A parish is a community of Catholics established within a diocese, whose pastoral care has been entrusted by the diocesan bishop to a parish priest. A parish usually has its own church.

In some circumstances the pastoral care of the parish may be carried out by a lay person, together with one or more priests who have canonical responsibility for the parish and who provide sacramental ministry.

A parish may only be established or suppressed (closed) by the diocesan bishop.

Pastoral Area

Two or more parishes (usually neighbours) working together in the provision of pastoral care for their parishioners are called a Pastoral Area. Priests and lay pastoral staff may have responsibilities across some or all of the parishes in the group. They generally work together as a team in the Pastoral Area, although their major responsibility may be for one particular parish in the group.


A diocese is a “portion of the people of God” which is entrusted to the pastoral care of a bishop. He carries out this pastoral care with the cooperation of the priests of the diocese. The smallest units of a diocese are parishes.

The bishop, priests and people of the diocese constitute a “particular church”, in which “the one, holy, catholic and apostolic Church of Christ truly exists and functions”. As a rule, a diocese has a defined territory.

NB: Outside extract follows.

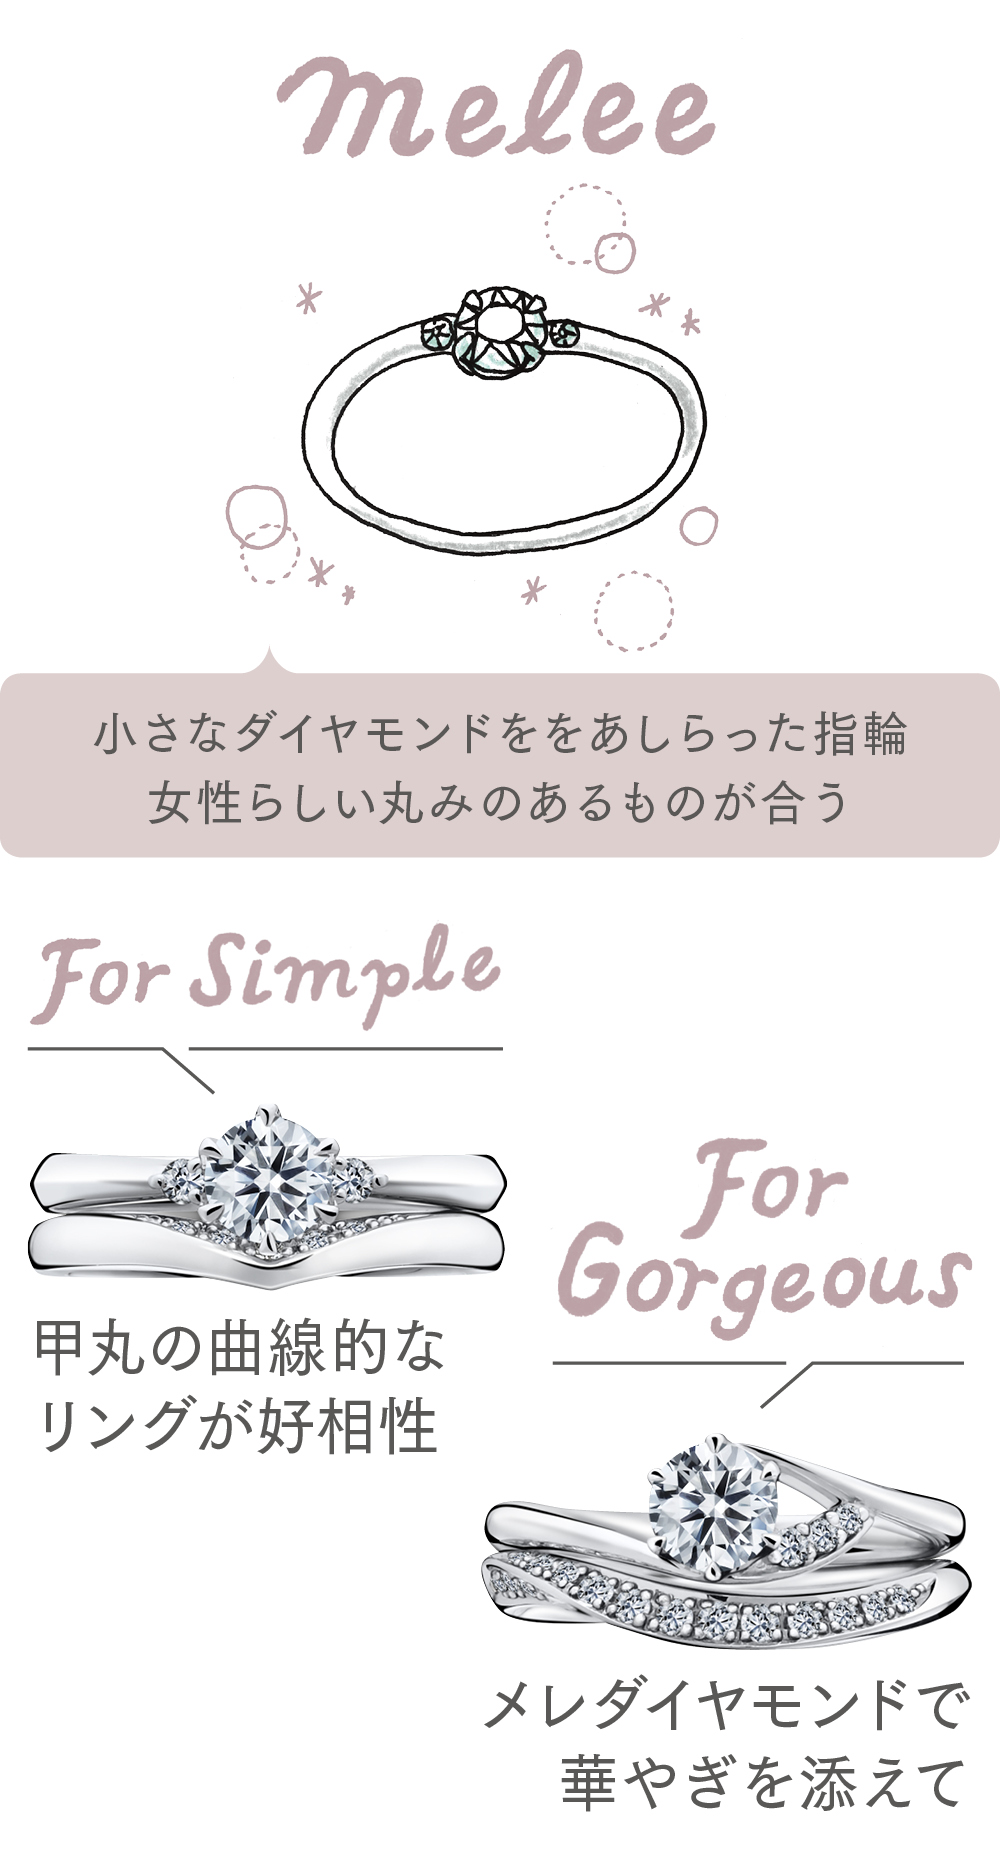 婚約指輪のデザインが「メレダイヤ付き」の場合

Neighbouring dioceses are grouped together as an “ecclesiastical province”, which is presided over by a bishop who is called the Metropolitan. The Metropolitan is an archbishop and his diocese is an archdiocese. The other dioceses in the province are called suffragan dioceses.

The Metropolitan receives a narrow band called the pallium from the Holy Father. It is made of white lamb’s wool and has six black crosses on it. The pallium is a symbol of the Metropolitan’s role and his connection with the Pope.

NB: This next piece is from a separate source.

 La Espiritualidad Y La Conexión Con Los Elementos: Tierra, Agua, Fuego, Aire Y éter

The six dioceses of New Zealand form an ecclesiastical province. The metropolitan diocese is the Archdiocese of Wellington, and the Metropolitan is Archbishop John Dew.

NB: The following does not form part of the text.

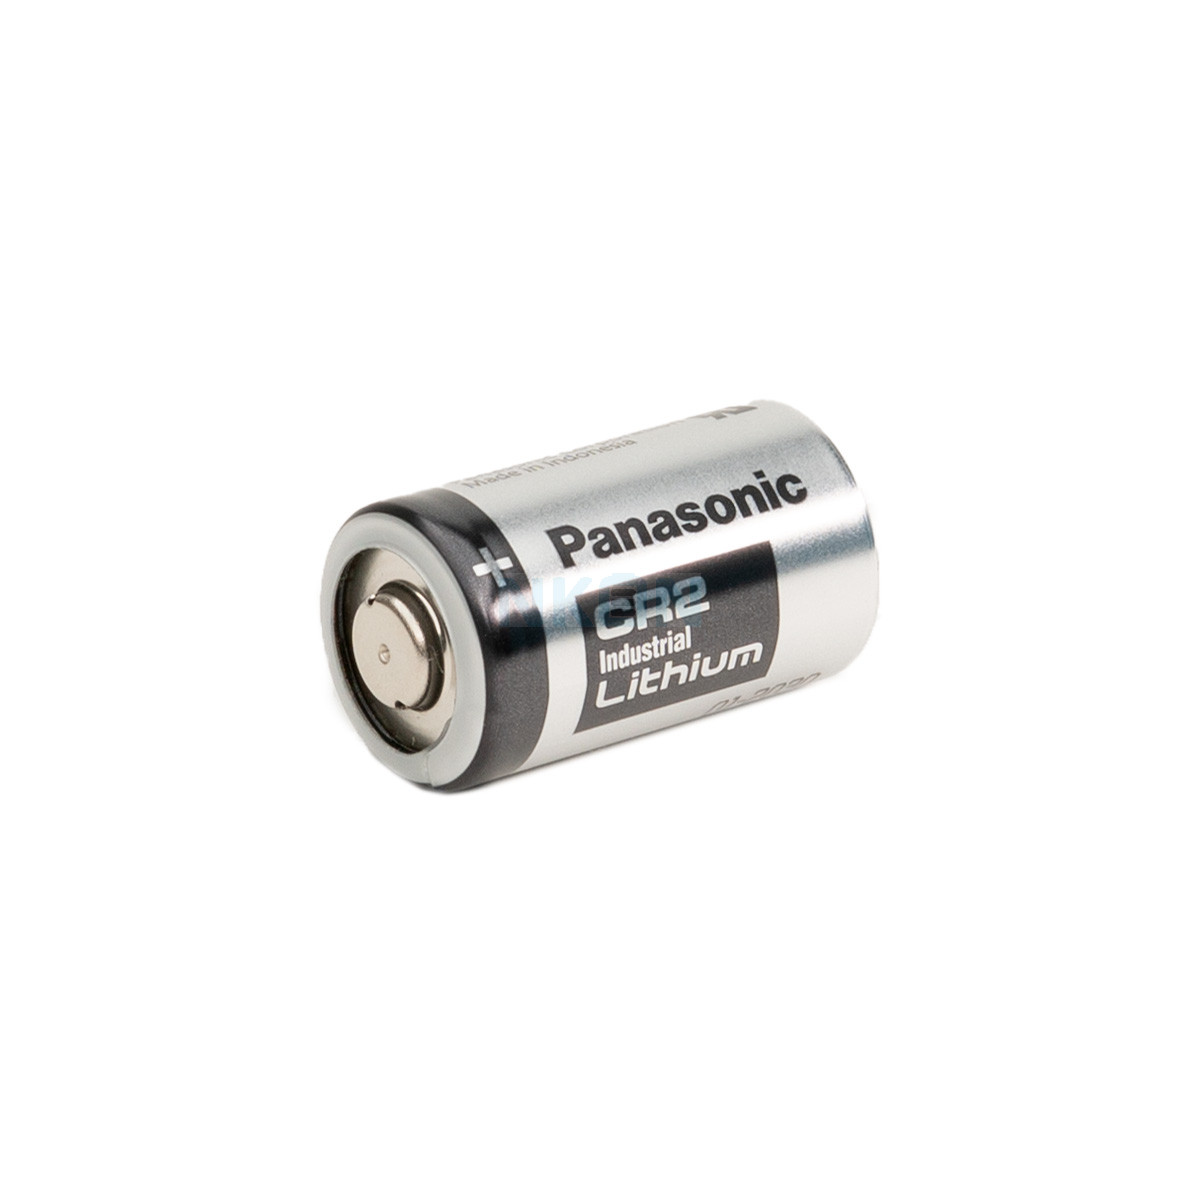 Accessoires Energie - Pile Lithium CR2 3V Panasonic ou Varta

Eparchy is the word used for a diocese in the Eastern Catholic Churches which are in full communion with the Bishop of Rome (the Pope). Eparchies which cover New Zealand:

  • Eparchy of SS Peter and Paul (Melbourne) for Ukrainian Catholics of Australia and New Zealand
  • Eparchy of St Michael, Archangel (Sydney) which is the Melkite Catholic Eparchy of Australia and New Zealand
  • Eparchy of St Thomas the Apostle (Sydney) which is the Chaldean Eparchy of Oceania
  • Eparchy of St Maroun the Maronite Eparchy of Australia (Sydney).

Personal Prelature

A personal prelature is made up of clergy and lay people who carry out specific pastoral activities under the jurisdiction of a bishop. The bishop’s jurisdiction is not territorial but is over the people of the prelature wherever they may be. Only one personal prelature has been created, the Personal Prelature of the Holy Cross and Opus Dei, which was created by Pope John Paul II in 1982.

Military Ordinariate

A military ordinariate is a structure in the Catholic Church responsible for the pastoral care of Catholics serving in the armed forces of a country and their families. A military ordinariate is headed by a bishop who is appointed as Military Ordinary for the country by the Holy Father. The Military Ordinary for New Zealand is Archbishop John Dew.